Explore duplicate and missing data
Description
Provides an integer value for the number of duplicates found within a variable The function accepts an input from a dplyr pipe "%>%" and outputs the results as a tibble.
eg. example_data %>% dup(variable)
Usage
dup(data, var = NULL)
Arguments
| data | The data frame or tibble | 
| var | The variable to assess | 
Value
A tibble with the number and percentage of duplicate values found, and the number of missing values (NA), together with percentages.
Examples
example_data <- dplyr::tibble(id = 1:200, age = round(rnorm(200, mean = 30, sd = 50), digits=0))
example_data$age[sample(1:200, size = 15)] <- NA  # Replace 15 values with missing.
dup(example_data, age)
# It is also possible to pass a whole database to dup and it will explore all variables.
example_data <- dplyr::tibble(age = round(rnorm(200, mean = 30, sd = 50), digits=0),
                              sex = sample(c("Male", "Female"), 200, TRUE),
                              favourite_colour = sample(c("Red", "Blue", "Purple"), 200, TRUE))
example_data$age[sample(1:200, size = 15)] <- NA  # Replace 15 values with missing.

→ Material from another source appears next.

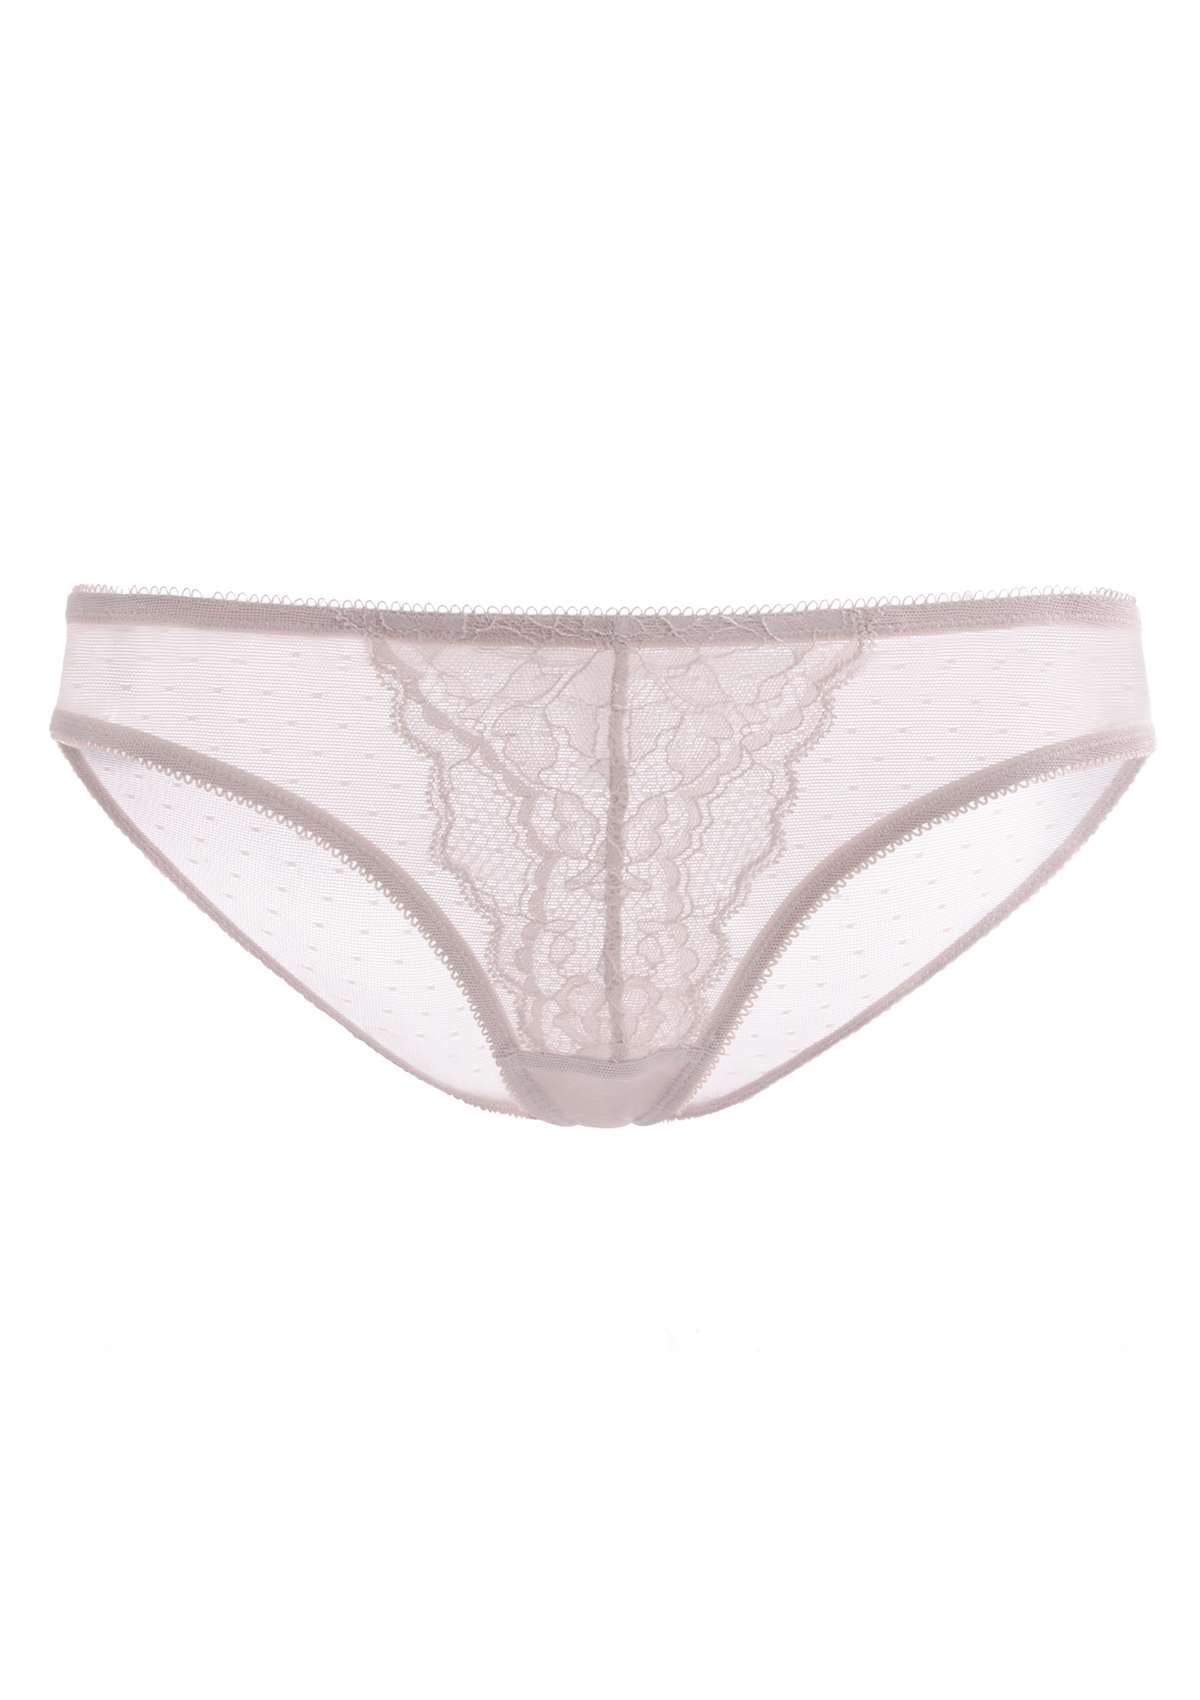 HSIA Enchante Sheer Lace Mesh Mid Rise Bikini Underwear - XXXL / White

example_data$sex[sample(1:200, size = 32)] <- NA  # Replace 32 values with missing.
dup(example_data)
Create a cross-tabulation of two categorial variables
Description
Creates a "n x n" cross-tabulation of two categorical variables, with row percentages. Includes options for adding frequentist hypothesis testing.
The function accepts an input from a dplyr pipe "%>%" and outputs the results as a tibble.

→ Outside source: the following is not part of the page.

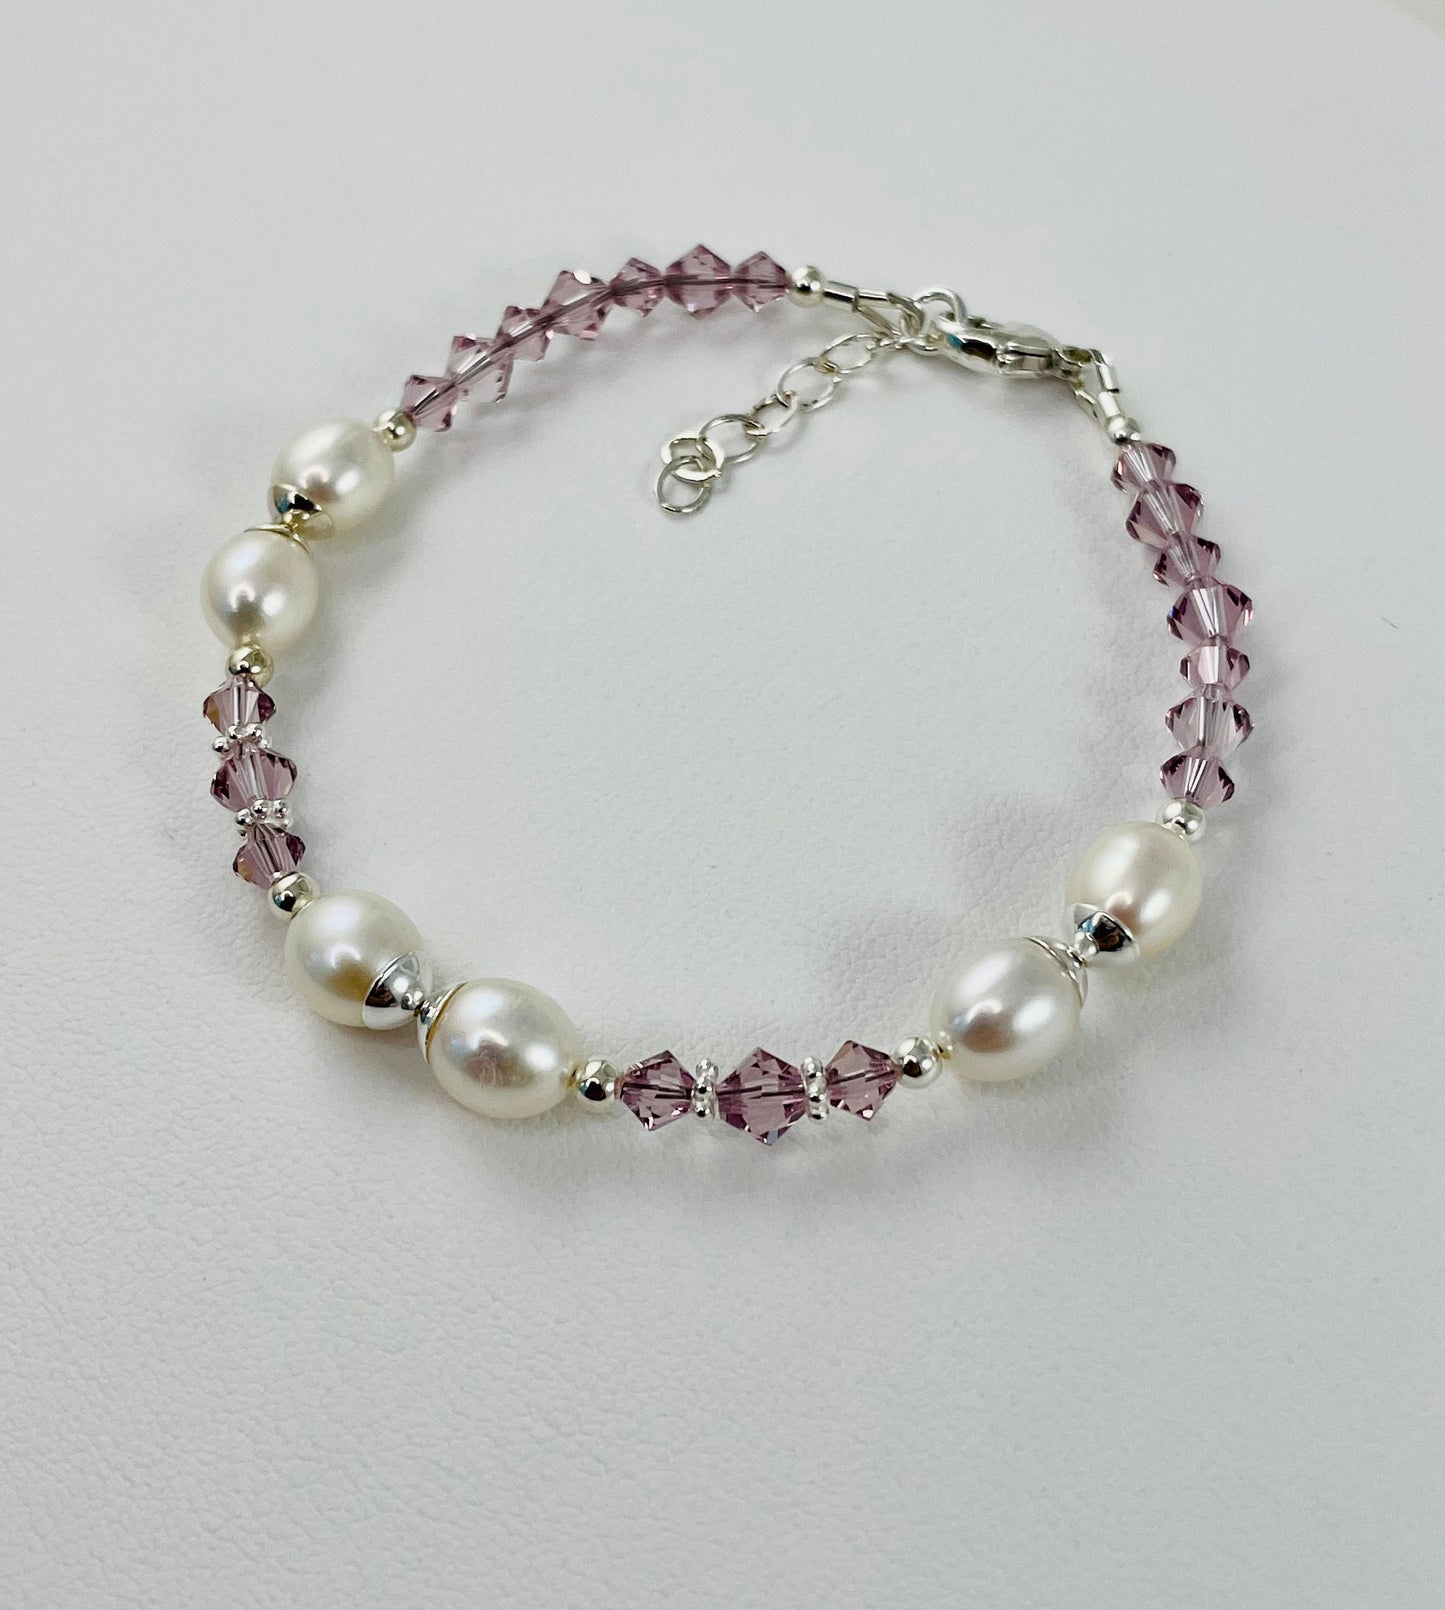 30th Thirtieth Gift for Women,Friend 30th Birthday Gift,30th Birthday Pearl Birthstone Bracelet,Three Set Pearl Bracelet,Birthstone Bracelet

eg. example_data %>% tab(variable1, variable2)
Usage
tab(data, variable1, variable2, test = "none")
Arguments
| data | The data frame or tibble | 
| variable1 | The first categorical variable | 
| variable2 | The second categorical variable | 
| test | Optional frequentist hypothesis test, use test=exact for Fisher's exact or test=chi for Chi squared | 
Value
A tibble with a cross-tabulation of frequencies and row percentages
Examples
example_data <- dplyr::tibble(id = 1:100, group1 = sample(c("a", "b", "c", "d"),
                                                  size = 100, replace = TRUE),
                                                  group2= sample(c("male", "female"),
                                                  size = 100, replace = TRUE))
example_data$group1[sample(1:100, size = 10)] <- NA  # Replace 10 with missing
tab(example_data, group1, group2)
summary <- tab(example_data, group1, group2) # Save summary statistics as a tibble.
Summarise a categorial variable
Description
Summarises frequencies and percentages for a categorical variable.
The function accepts an input from a dplyr pipe "%>%" and outputs the results as a tibble. eg. example_data %>% tab1(variable)
Usage
tab1(data, variable, dp = 1)
Arguments
| data | The data frame or tibble | 
| variable | The categorical variable you would like to summarise | 
| dp | The number of decimal places for percentages (default=2) | 
Value
A tibble with frequencies and percentages
Examples
example_data <- dplyr::tibble(id = 1:100, group = sample(c("a", "b", "c", "d"),
                                                  size = 100, replace = TRUE))
example_data$group[sample(1:100, size = 10)] <- NA  # Replace 10 with missing
tab1(example_data, group)
summary <- tab1(example_data, group) # Save summary statistics as a tibble.